§ **Action item**: Since the pictures are not wanted, retype the listing below exactly and without them.

--- Data provided ---

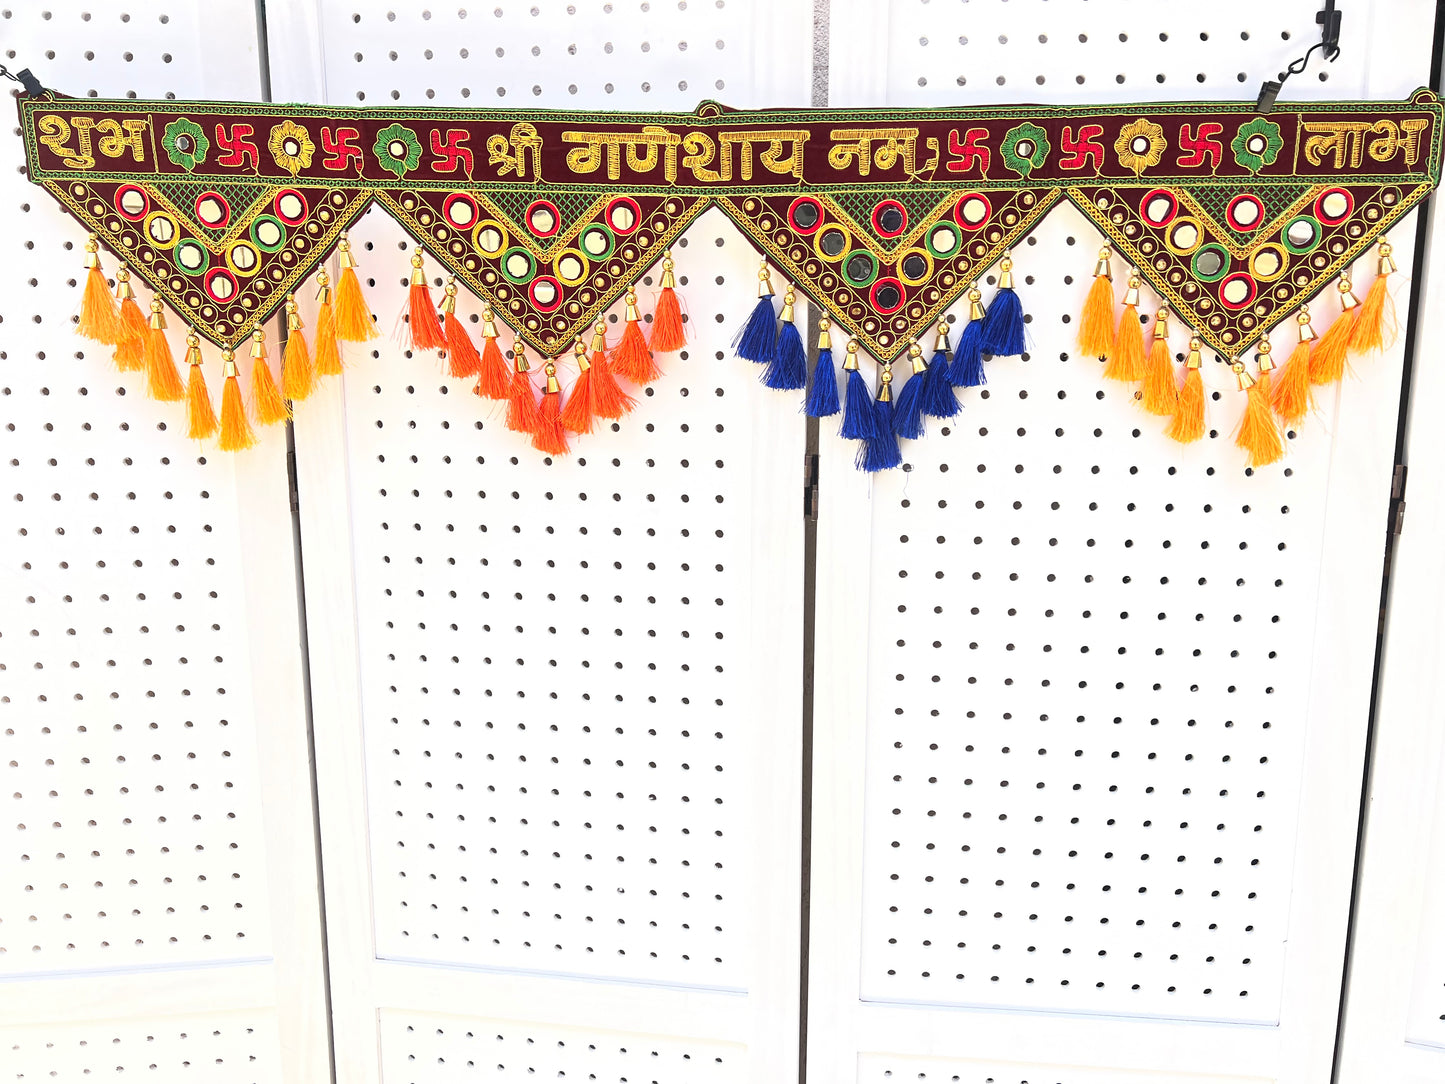 Shubh Labh Ganesha Toran Bandanwar Door Wall Cloth Hanging Traditional Indian Home Office Temple Pooja Deepawali Festival Decor Decoration Gifting
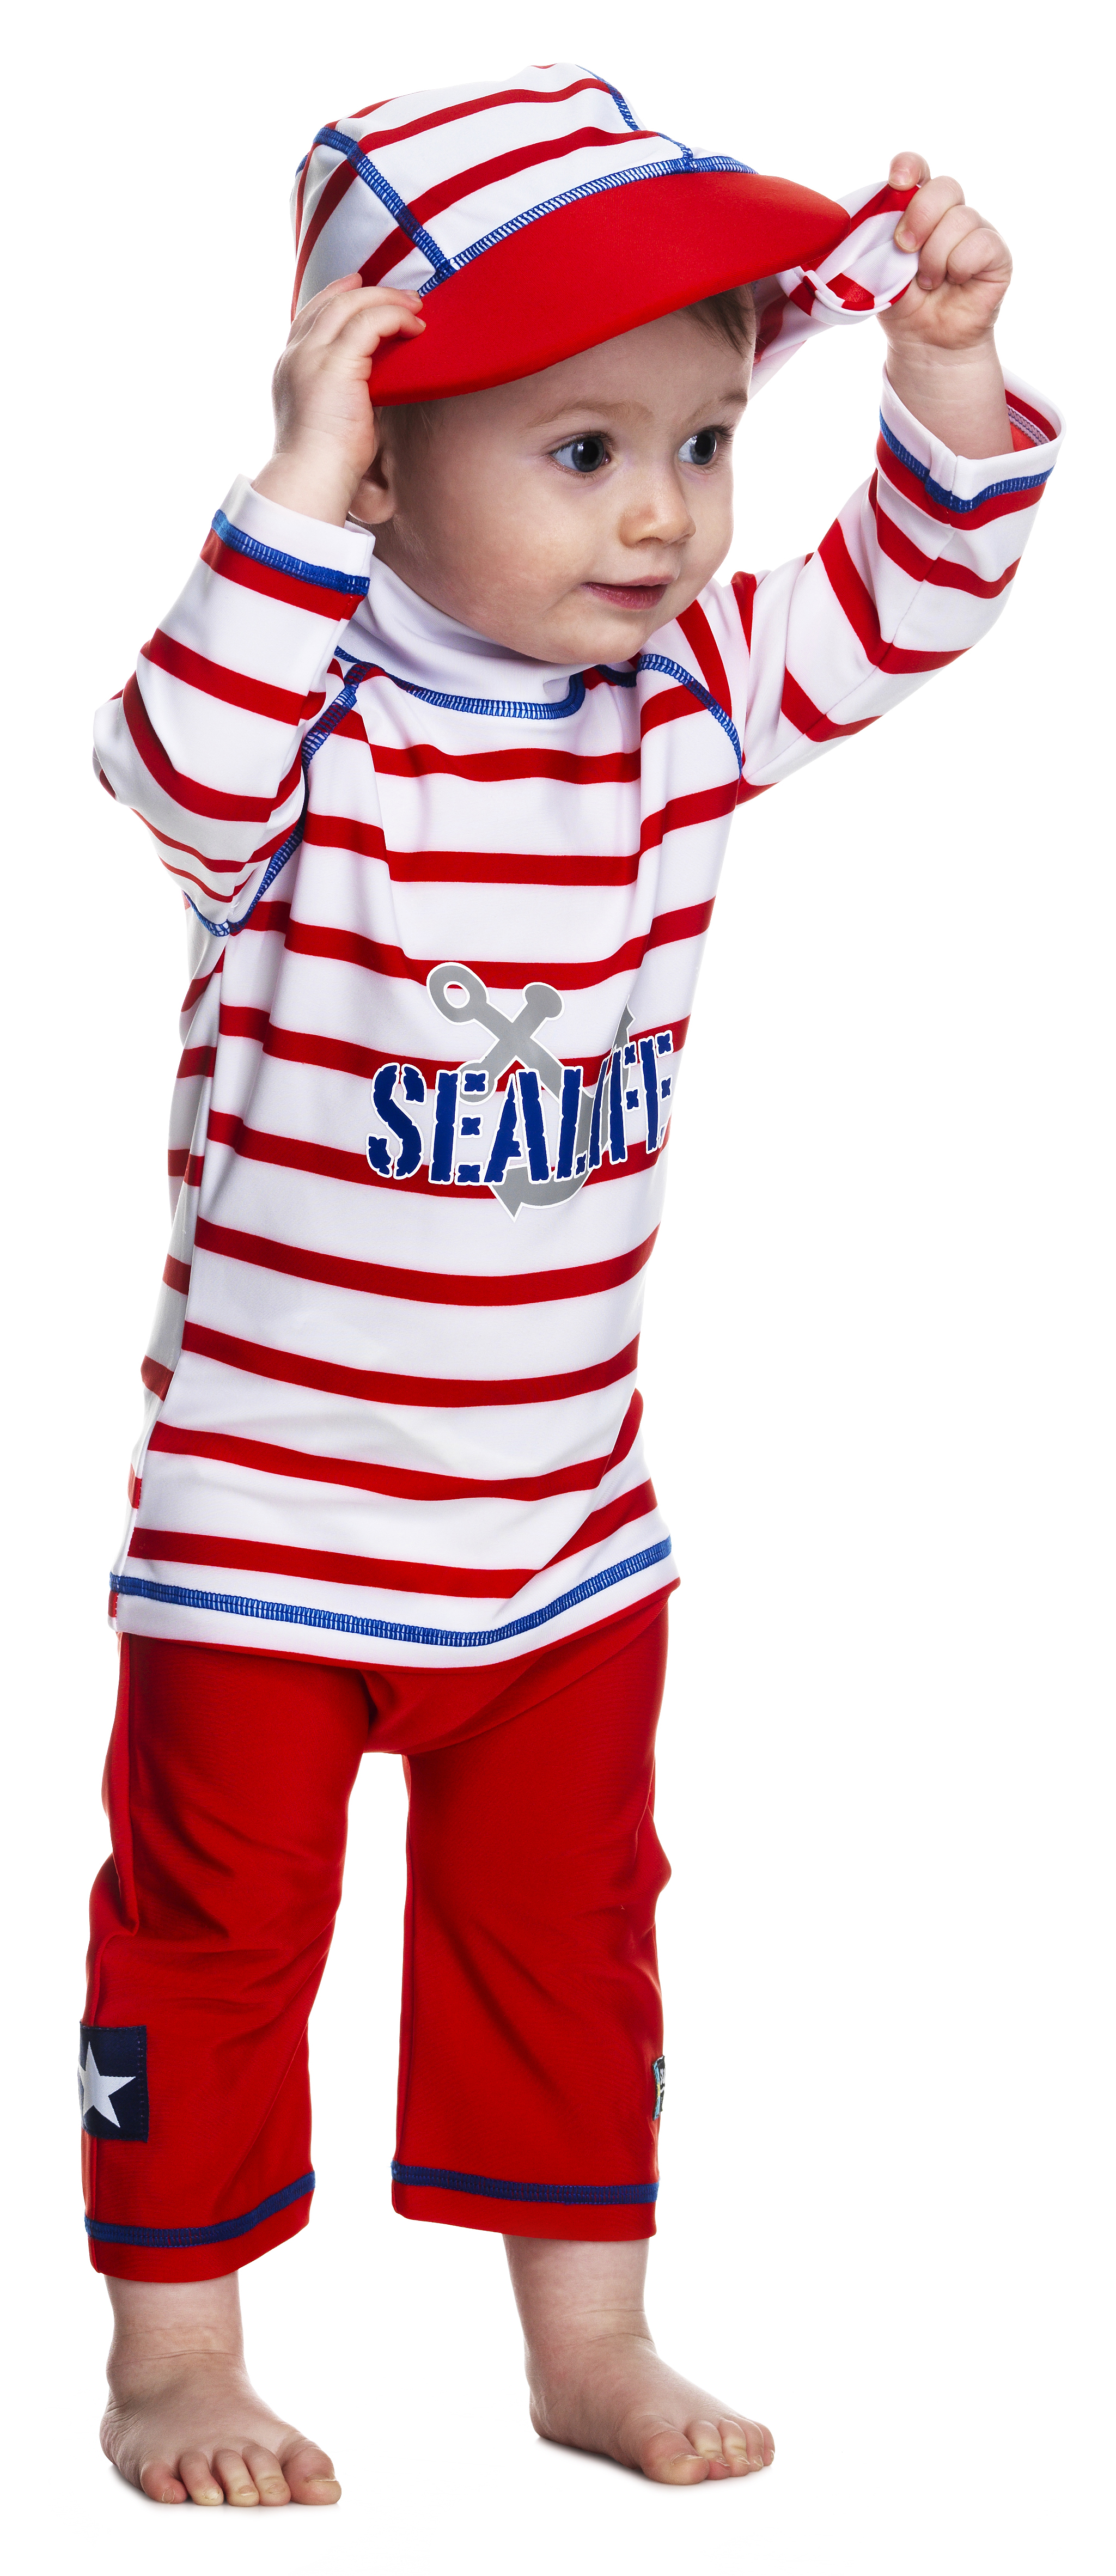 Costum de baie SeaLife red marime 86- 92 protectie UV Swimpy for Your BabyKids
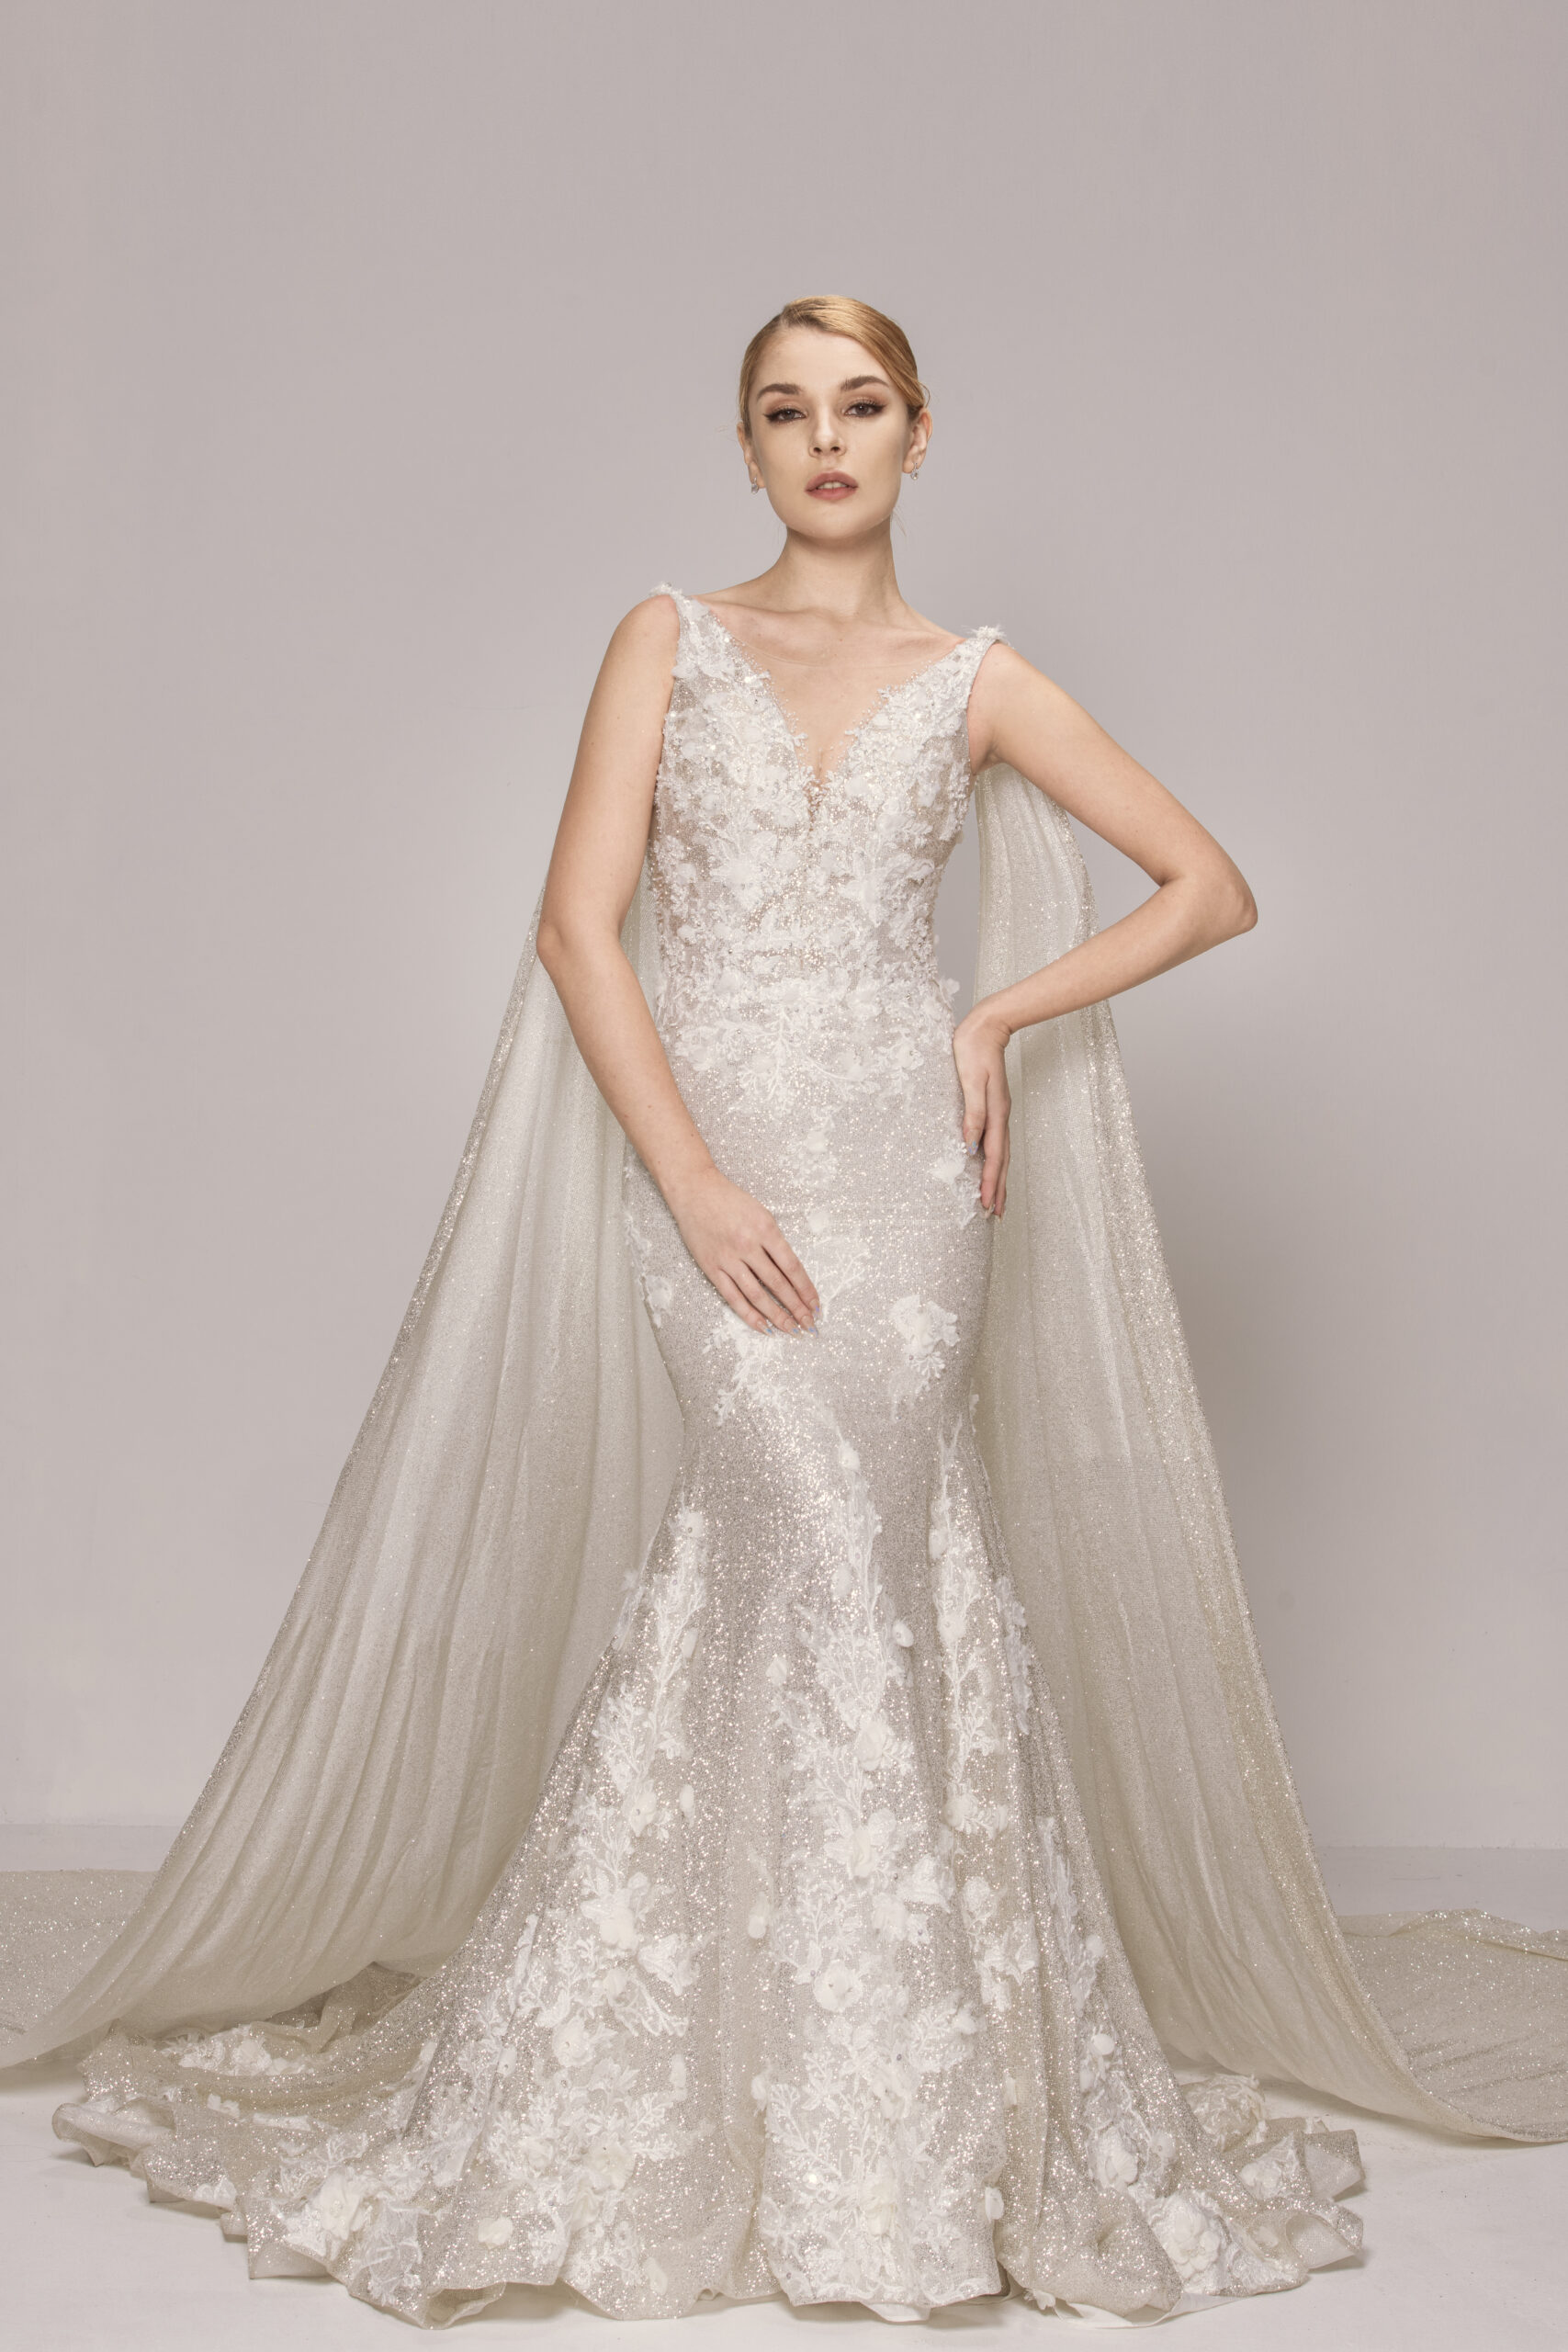 Evangeline Premium Gown - For Her Wedding Gallery
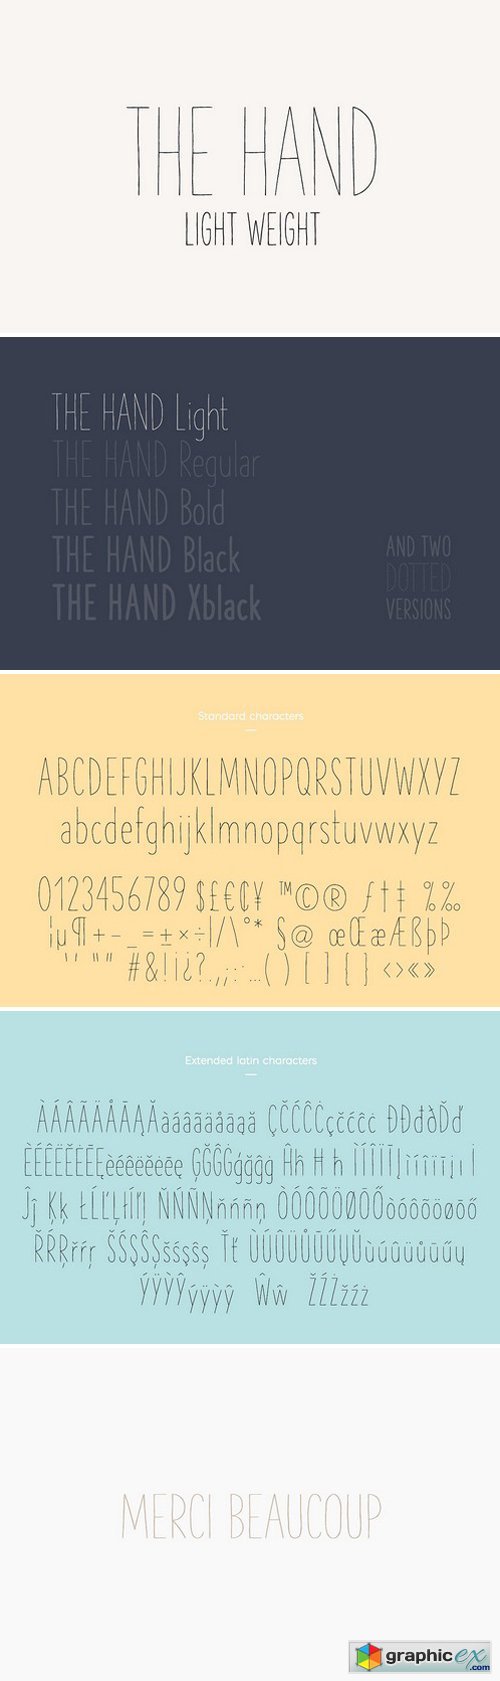 The Hand Font - Light

---

§ **Response to the task**:
 Shubh Labh Ganesha Toran Bandanwar Door Wall Cloth Hanging Traditional Indian Home Office Temple Pooja Deepawali Festival Decor Decoration Gifting
 Costum de baie SeaLife red marime 86- 92 protectie UV Swimpy for Your BabyKids
 Evangeline Premium Gown - For Her Wedding Gallery
 The Hand Font - Light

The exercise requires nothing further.